─── Source material ───
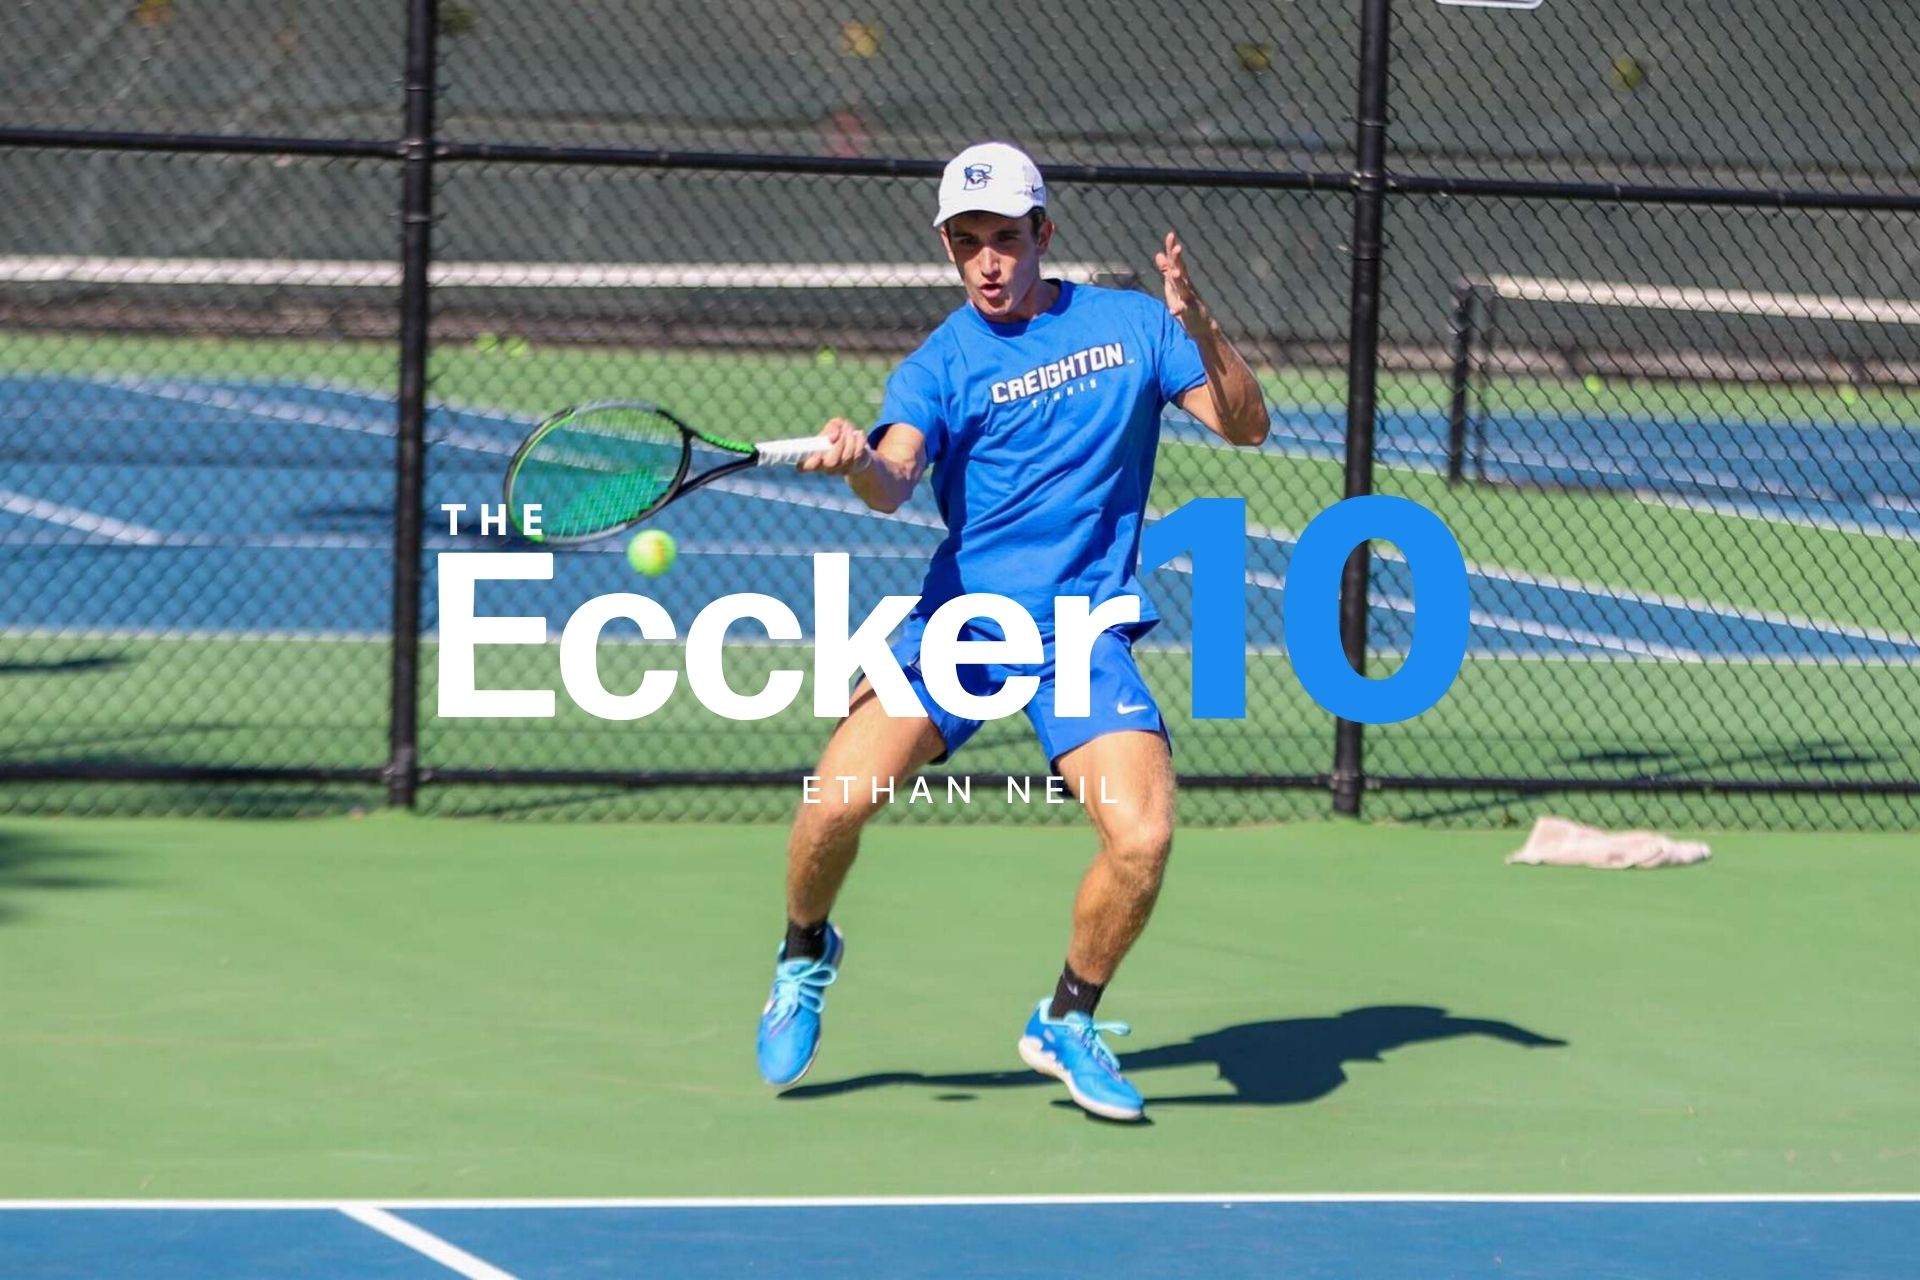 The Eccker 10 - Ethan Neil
───
─── Source material ───
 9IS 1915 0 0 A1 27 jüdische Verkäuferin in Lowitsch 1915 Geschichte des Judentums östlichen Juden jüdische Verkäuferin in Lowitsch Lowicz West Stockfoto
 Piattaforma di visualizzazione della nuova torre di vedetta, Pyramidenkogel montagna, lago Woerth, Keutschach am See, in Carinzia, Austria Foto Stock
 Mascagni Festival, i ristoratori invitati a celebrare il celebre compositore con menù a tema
───
─── Source material ───
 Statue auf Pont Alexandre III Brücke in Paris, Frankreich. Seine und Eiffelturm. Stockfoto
───
Show the lines from the data above that contain the string "Stockfoto".

**Response to the exercise:**
 9IS 1915 0 0 A1 27 jüdische Verkäuferin in Lowitsch 1915 Geschichte des Judentums östlichen Juden jüdische Verkäuferin in Lowitsch Lowicz West Stockfoto
 Statue auf Pont Alexandre III Brücke in Paris, Frankreich. Seine und Eiffelturm. Stockfoto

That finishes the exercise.